## DATASET EXTRACT
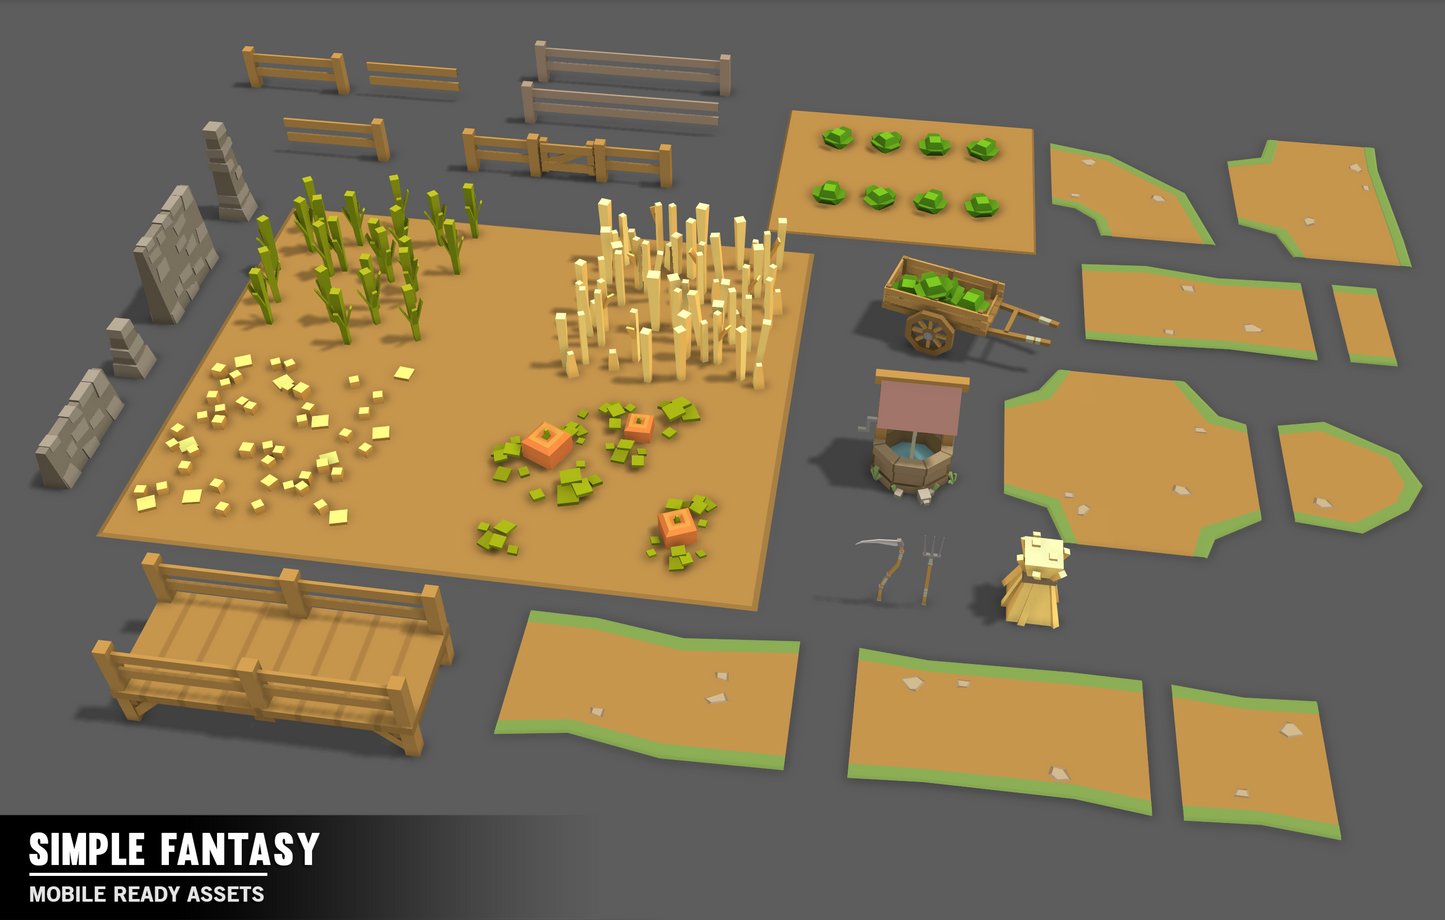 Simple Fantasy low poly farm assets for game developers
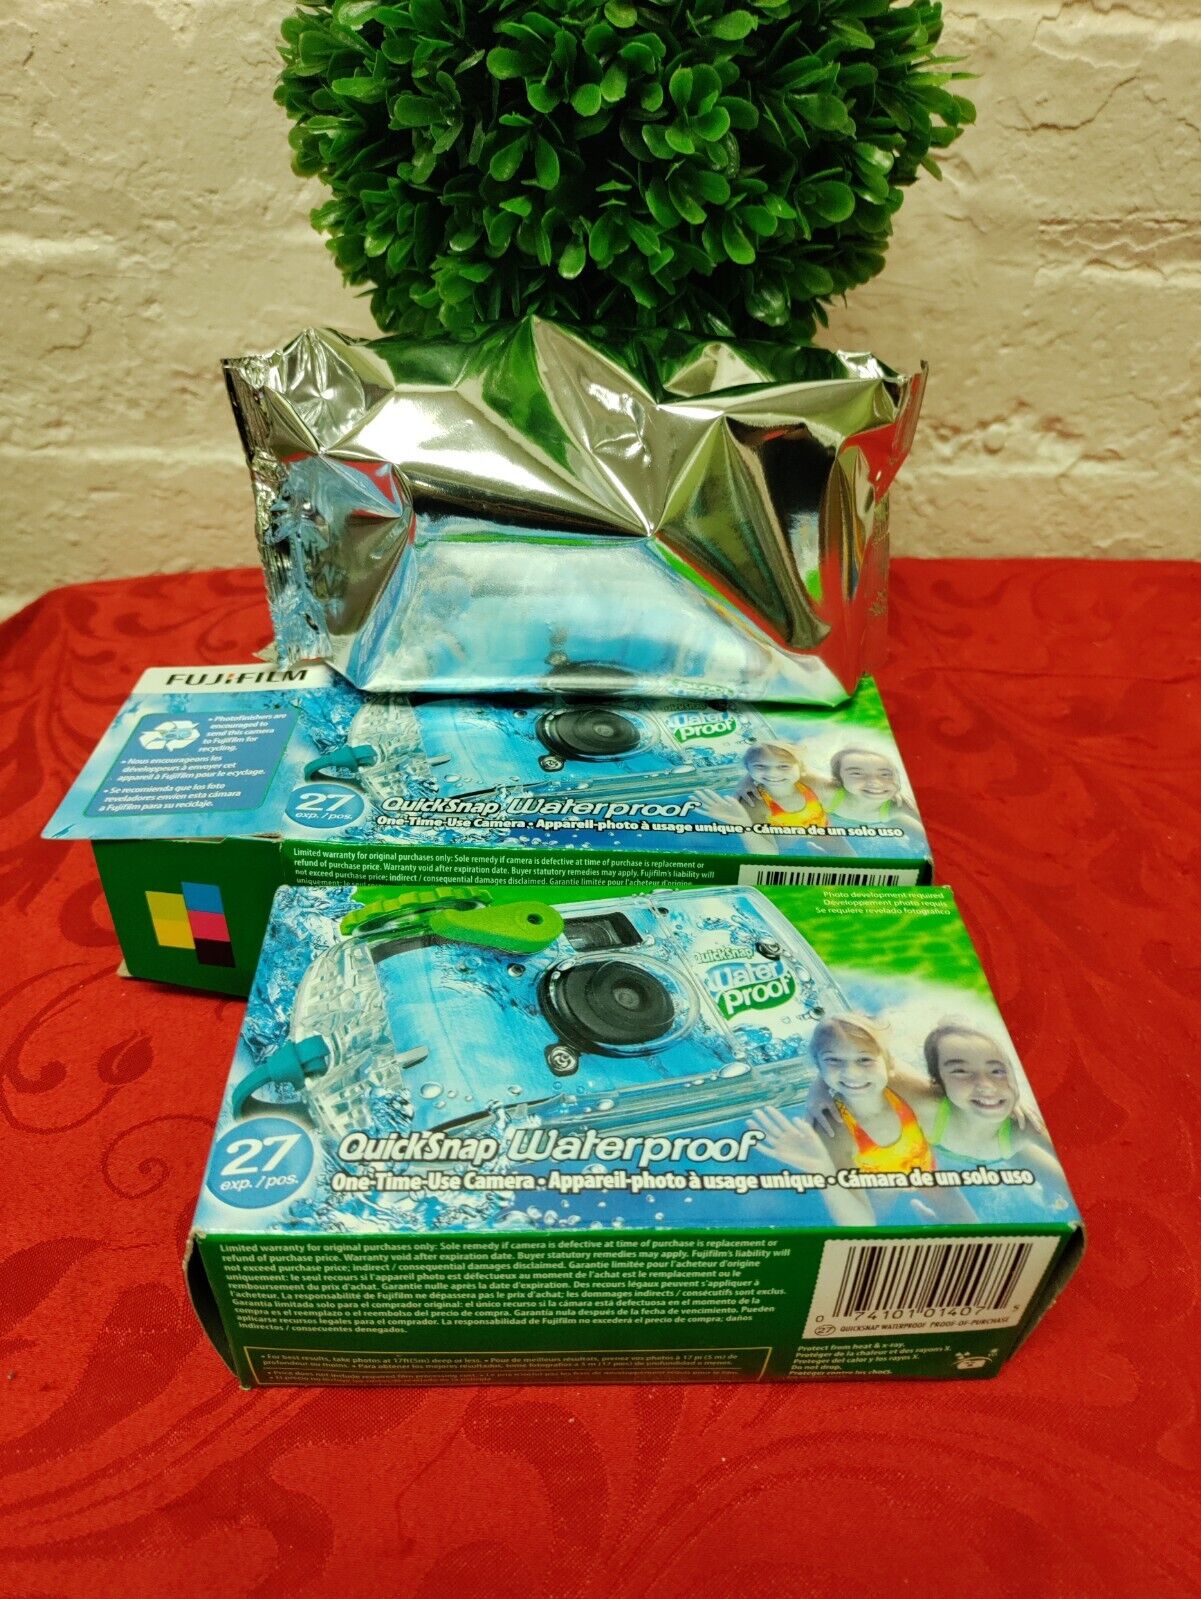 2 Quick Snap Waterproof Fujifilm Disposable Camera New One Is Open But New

...

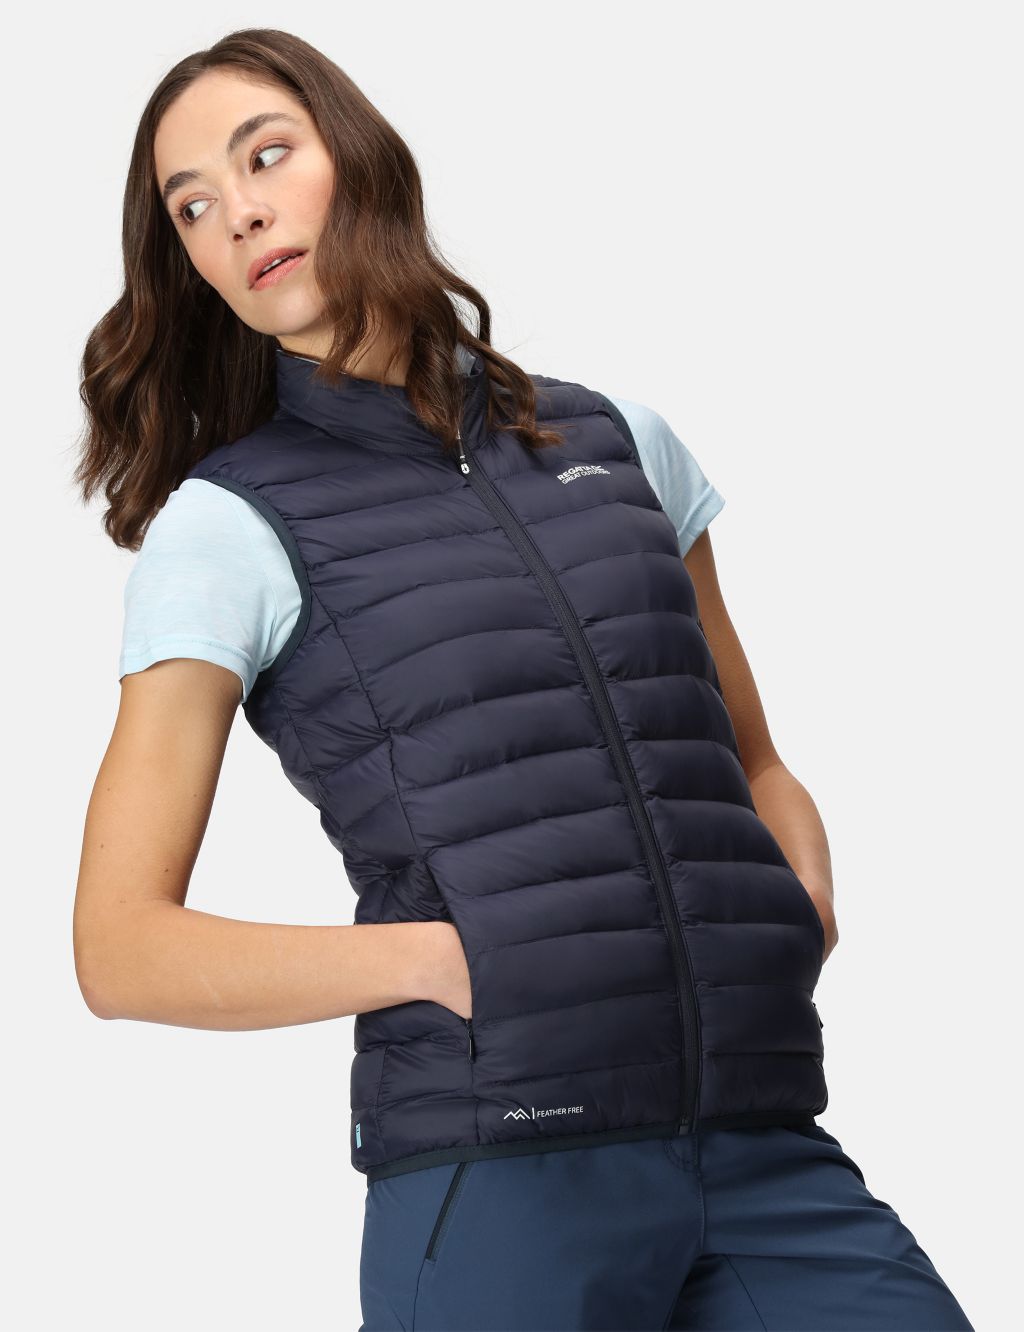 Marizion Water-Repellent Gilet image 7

* * *

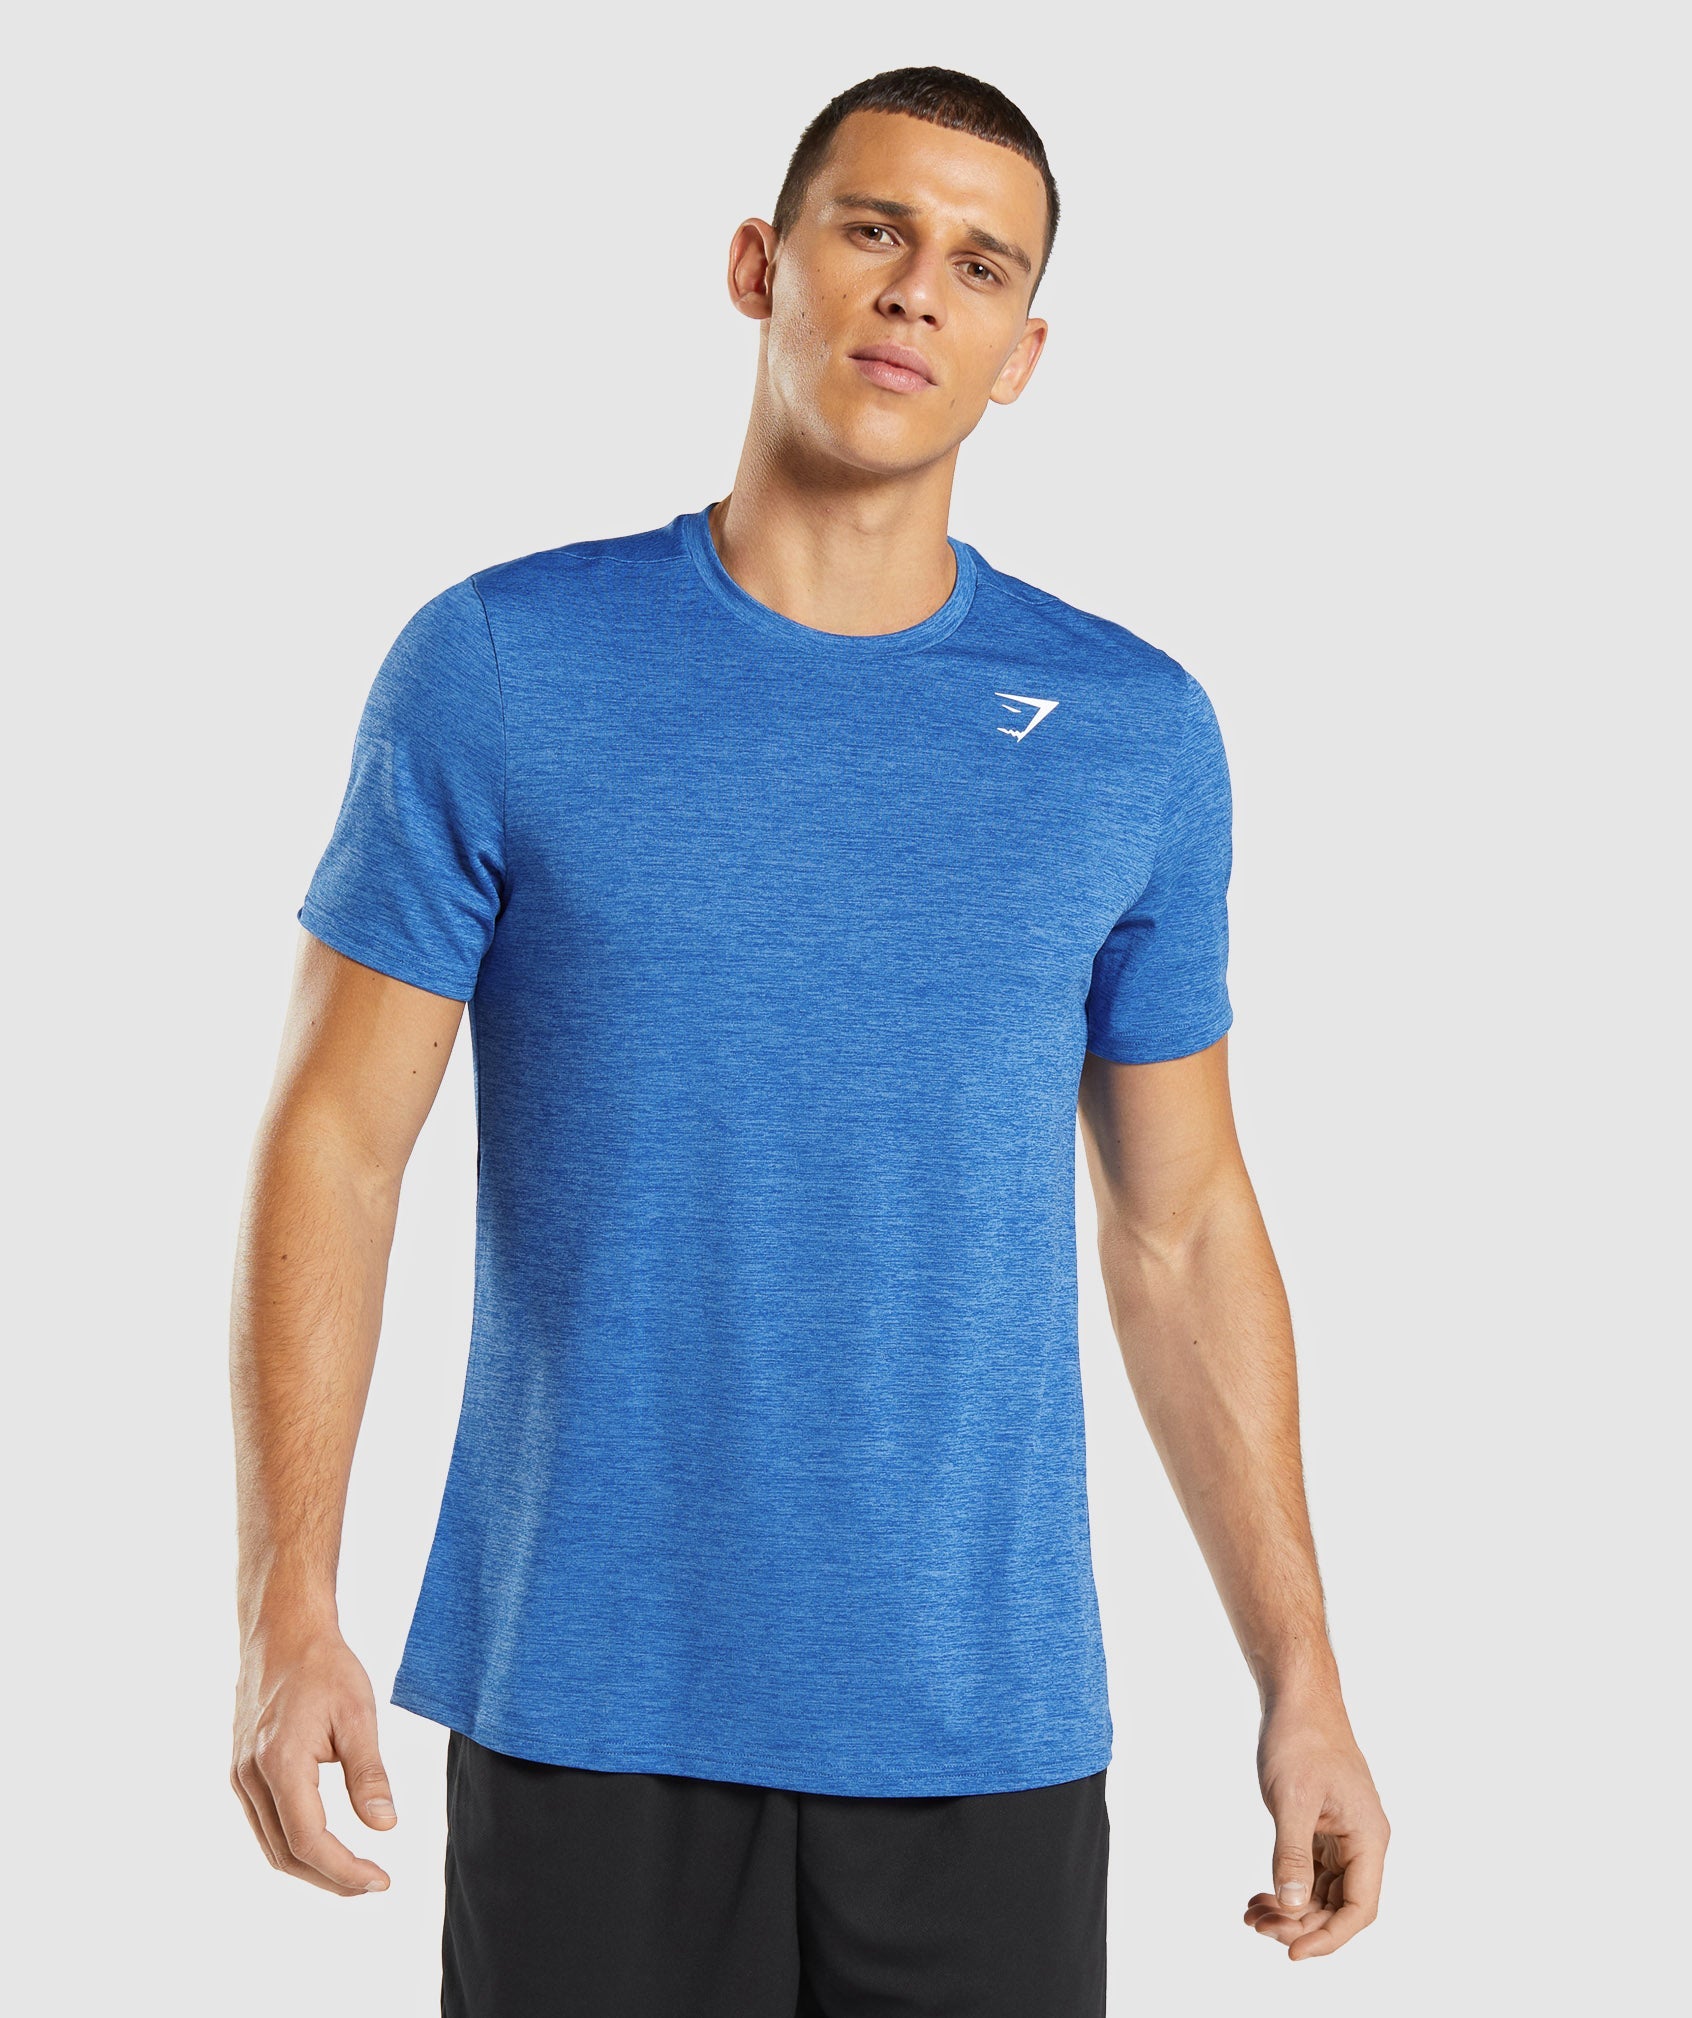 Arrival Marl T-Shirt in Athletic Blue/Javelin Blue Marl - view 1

## EXERCISE BRIEF
Set down word for word the lines above from the one with "Simple Fantasy low" up to and including the one with "2 Quick Snap". Omit every picture.

## EXERCISE RESULT
 Simple Fantasy low poly farm assets for game developers
 2 Quick Snap Waterproof Fujifilm Disposable Camera New One Is Open But New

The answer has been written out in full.